Demitrios,
Your point is well taken. FDS does not perform explicit filtering,
and so as we change the grid spacing h we also change the filter width
Delta. In a discussion such as this it is imperative that we make a
distinction between these quantities.
You made the following comment below, "Whenever you solve equations
for a specific quantity you can expect
convergence." I agree, but let me just say this in slightly different
words: For a given Delta (filter width) we can derive a set of PDEs
that we call the LES equations. Now, using finer and finer grids h/D -
> 0, we can expect convergence of the numerical solution to the exact
solution of the PDE. The seminal work of Ghosal in 1995 showed that
for a second order scheme you require D/h = 4 and for a fourth order
scheme you require D/h = 2 in order for the numerical errors to be
sufficiently smaller than the magnitude of the physical subgrid terms.
If this were indeed essential then we would be in some trouble because
for practical calculations D/h = 4 becomes prohibitively expensive and
development of an engineering code that is truly fourth order accurate
is harder than it sounds.

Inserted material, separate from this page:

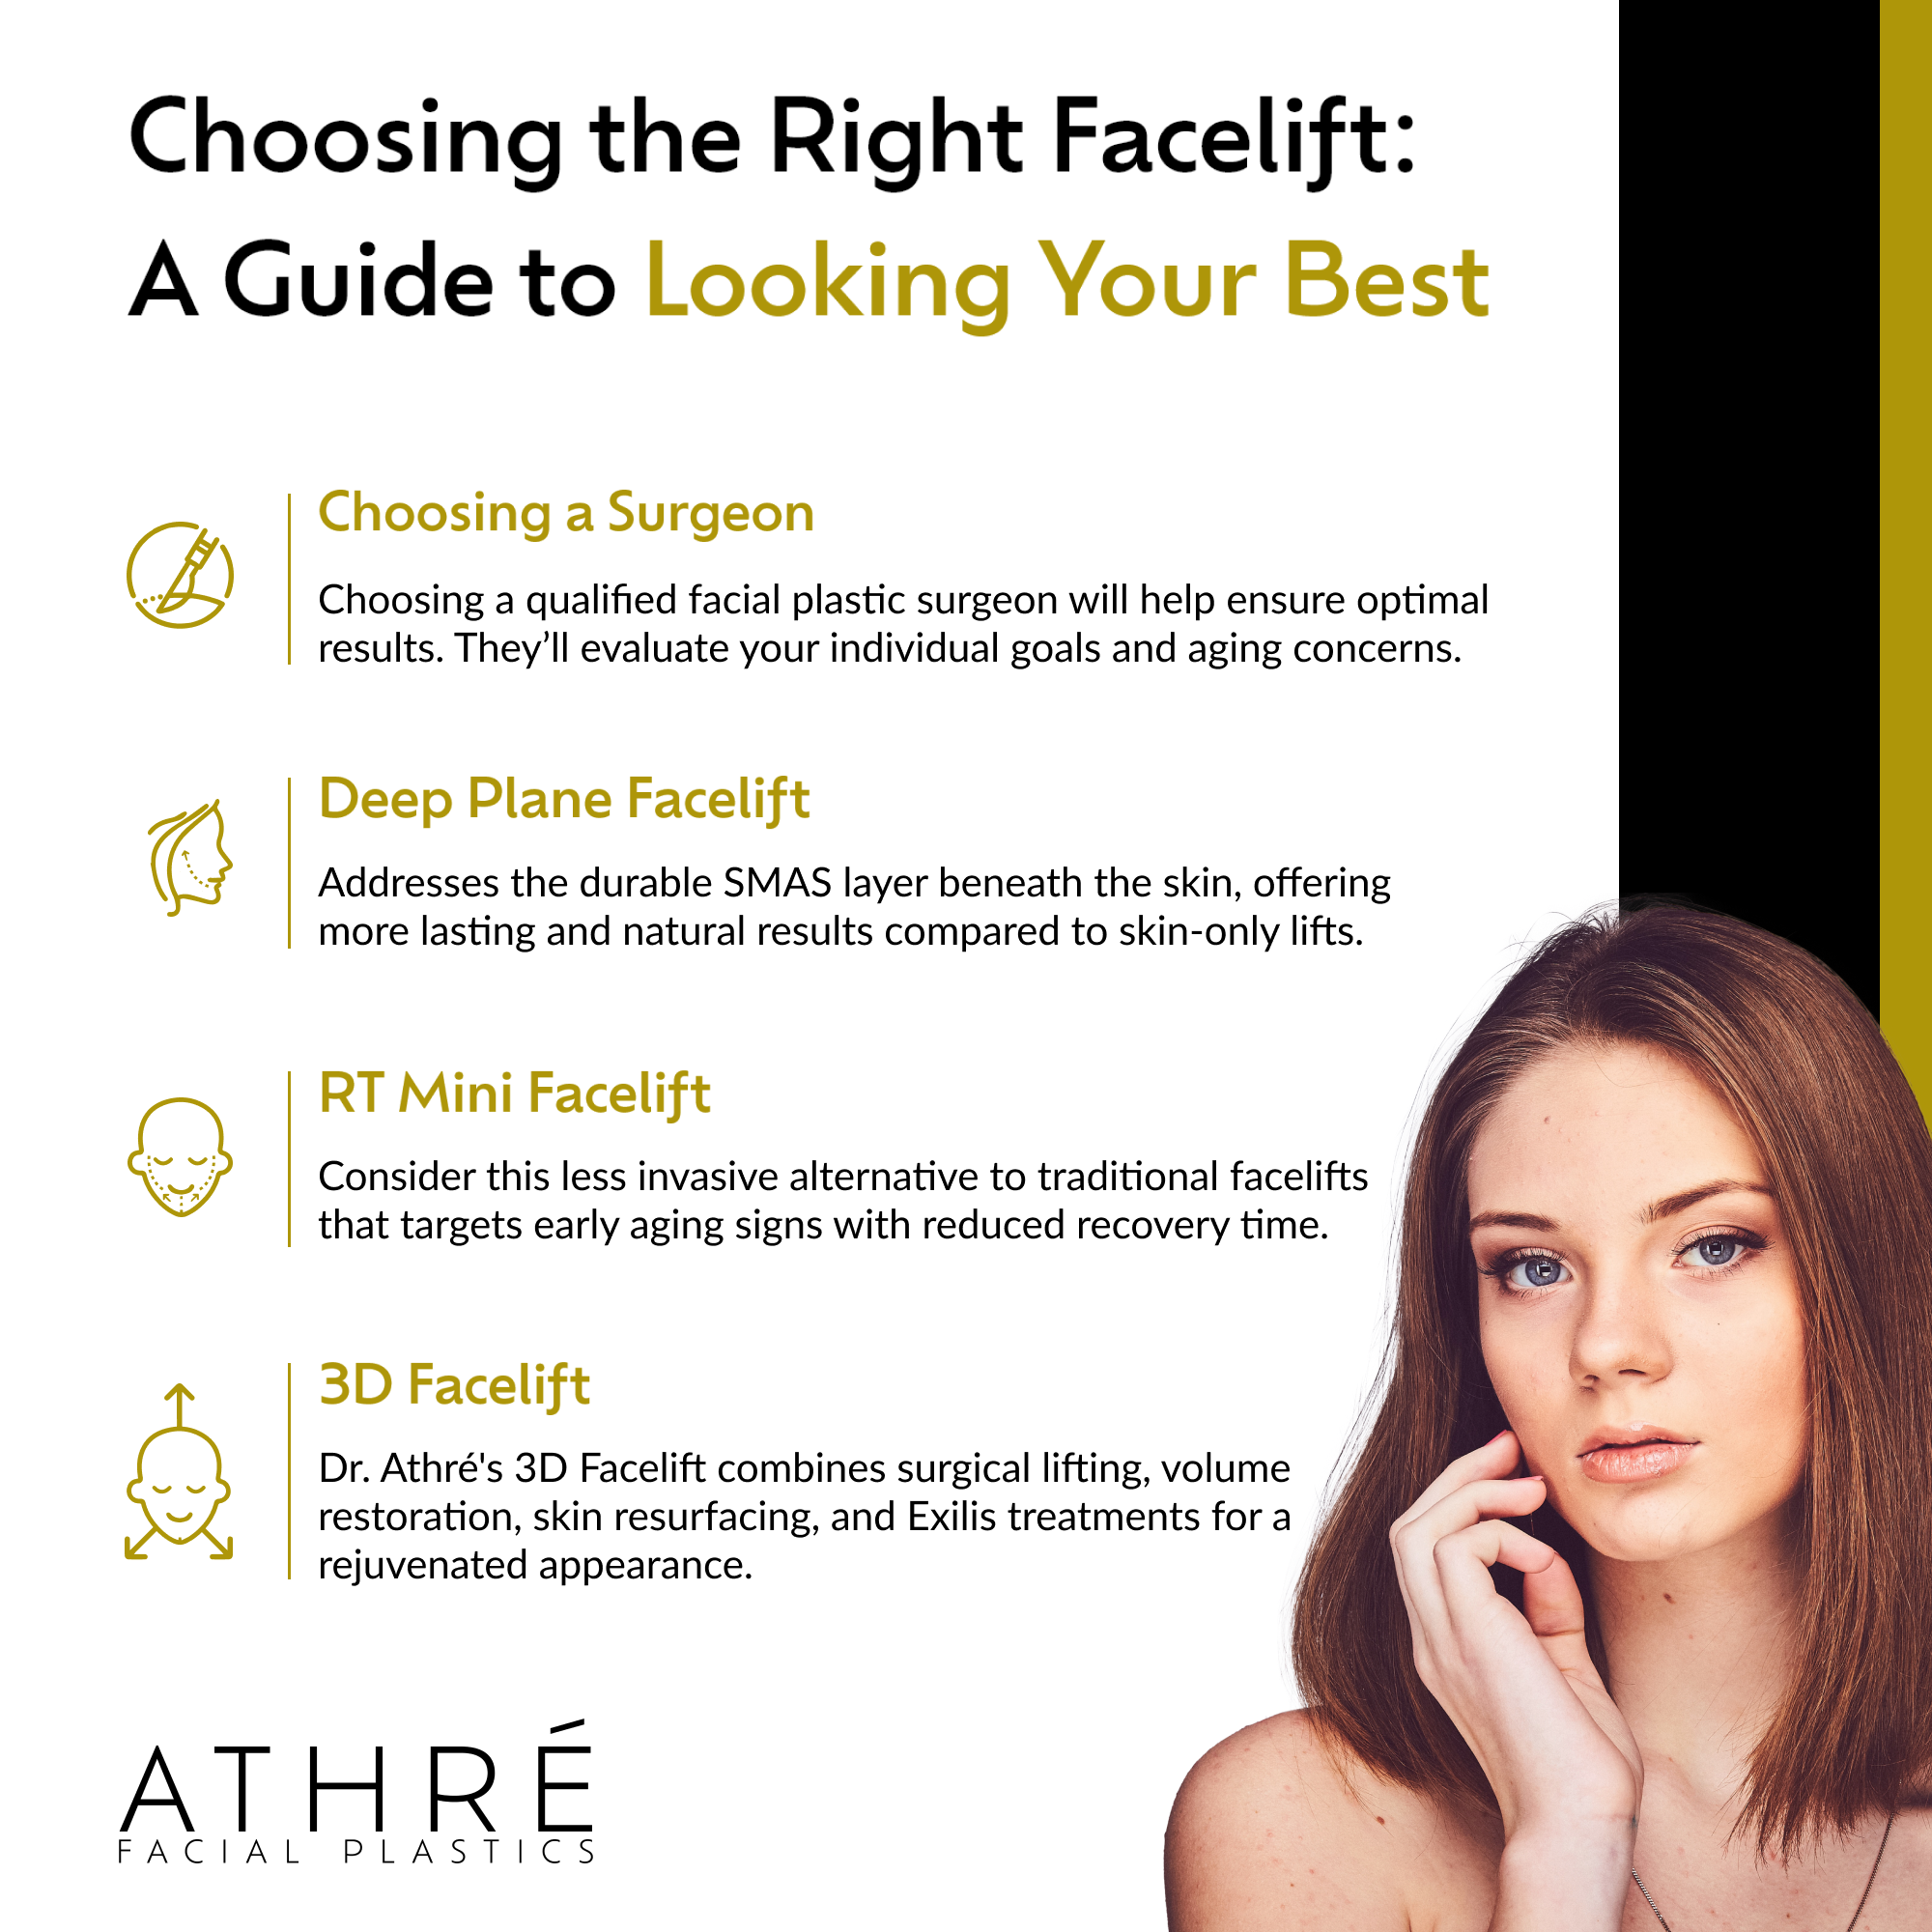 Choosing the Right Facelift: A Guide to Looking Your Best [Infographic]

Somewhat fortuitously, experience has shown
us that we can get away with D/h = 1 by using energy-conserving second-
order numerics combined with physically-based subgrid models. From an
engineering perspective what we hope to achieve is convergence of the
statistical quantity of interest. In this sense, I am echoing
daserra's point. Suppose we are interested in the mean temperature in
the upper layer of a compartment. Let us denote the actual mean temp
(that which we would obtain from an experiment) as <T(x,t)>. LES
(FDS) produces a filtered field \bar{T}(x,t). By statistical
convergence we mean that we want <\bar{T}(x,t)> -> <T(x,t)> as Delta =
h -> 0.
Similar ideas are more clearly spelled in
Pope, S.B. "Ten questions concerning the large-eddy simulation of
turbulent flows", New Journal of Physics, 2004.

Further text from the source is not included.